Jean Hersholt, Fay Wray, Walter Wookf King, Astrid Allwyn, Bryn Ryan, Schuyler Standish, Maude Eburne.
Directed by Erle C Kenton.
This is one of six films in a series focusing on a kindly doctor, with a touch of the detective, who lives in the town of Rivers End, Minnesota. He is Dr Christian. And he is played by veteran actor, Jean Hersholt (after whom the humanities award of the American Academy is named).
As can be seen from the title, this is a film about music. In River’s End, there is a skilful piano teacher, passing as a widow, who had married young, a famous music conductor who had abandoned her and her son. The son is quite a violin prodigy – well performed by Skyler Standish who did not follow-up in films but went on concert tours.
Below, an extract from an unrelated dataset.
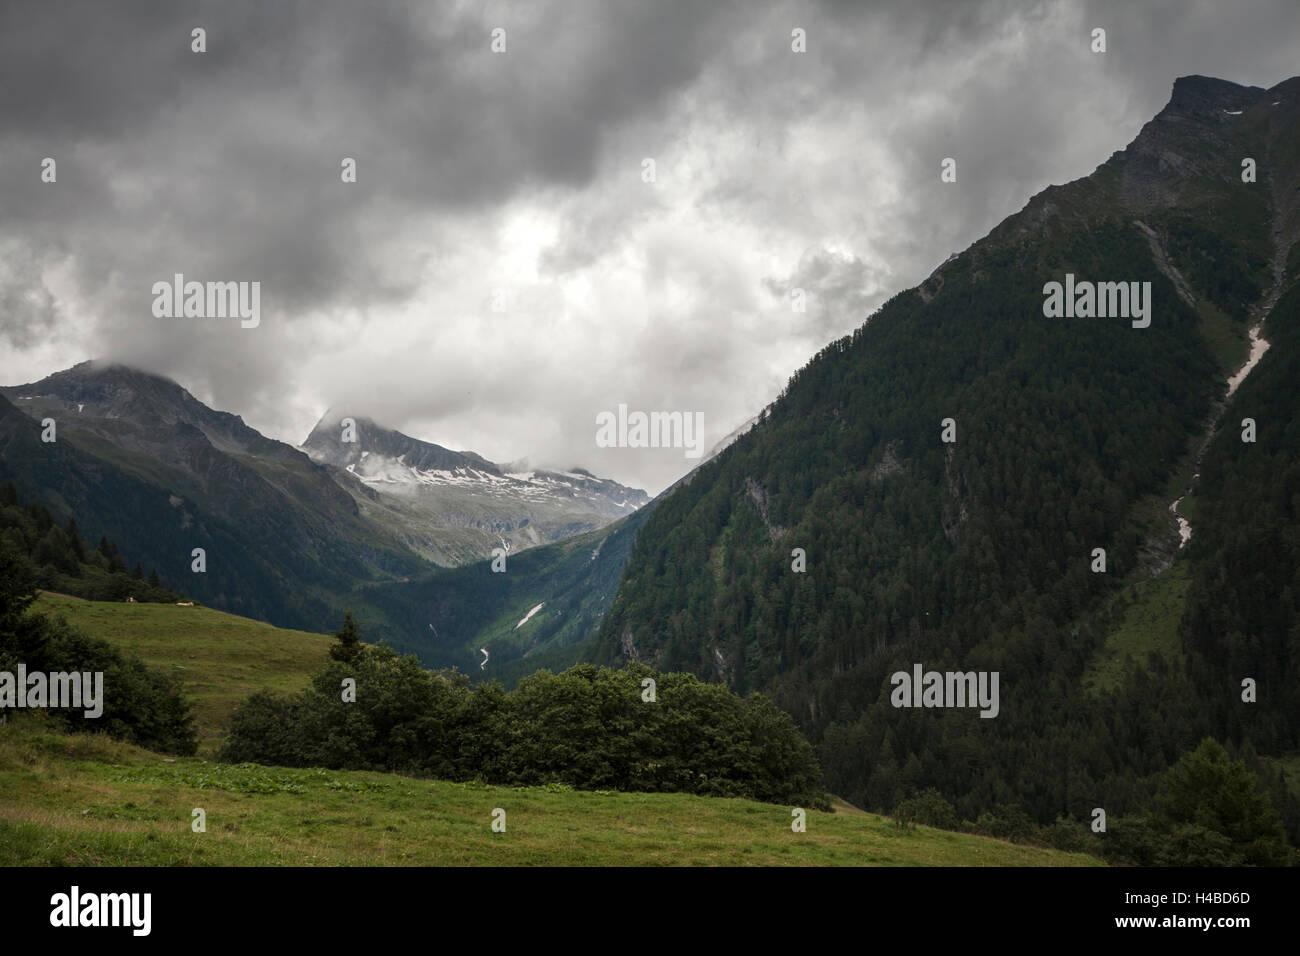 Menacing storm in the Alps - Stock Image

So, there is a lot of pathos about the music teacher, played by Fay Wray, and her place in the town, especially with other music students, including a boy who has no musical talent but is pushed by his parents. In the town, there is a rival teacher, Irene Ryan, who takes on everyone, is quite bombastic in her lessons and promotion. There is a concert for all the parents – with some terrible performances!
A plane crashes and who should be on board but the conductor. Dr Christian recognises him and organises the music teacher, who also serves as a nurse at the hospital, to come to tend him. He does recognise her and there is reflection on their past but he does not know that he has a son. In the meantime, the rival teacher has organised her students to do an audition for him in the hospital corridor, cacophonous diin. The mother has organised her son to audition for his father but it is interrupted by his manager who wants him to get to Chicago for rehearsals on time as well as to a woman who has presumed that she will marry him. Lots of emotional conflict – the teacher leaving town upset, the conductor phoning his wife with his son answering.
Dr Christian organises a visit to Chicago with the boy, goes on a tour of the television station (interesting to see the early development of television in the 1941 film), urges the boy to play the violin while the orchestra is rehearsing. He makes an extraordinary impression, leading to performance, Dr Christian and his mother present, happy ending.
While the running time is brief, there is quite a lot of orchestral music, especially Brahms.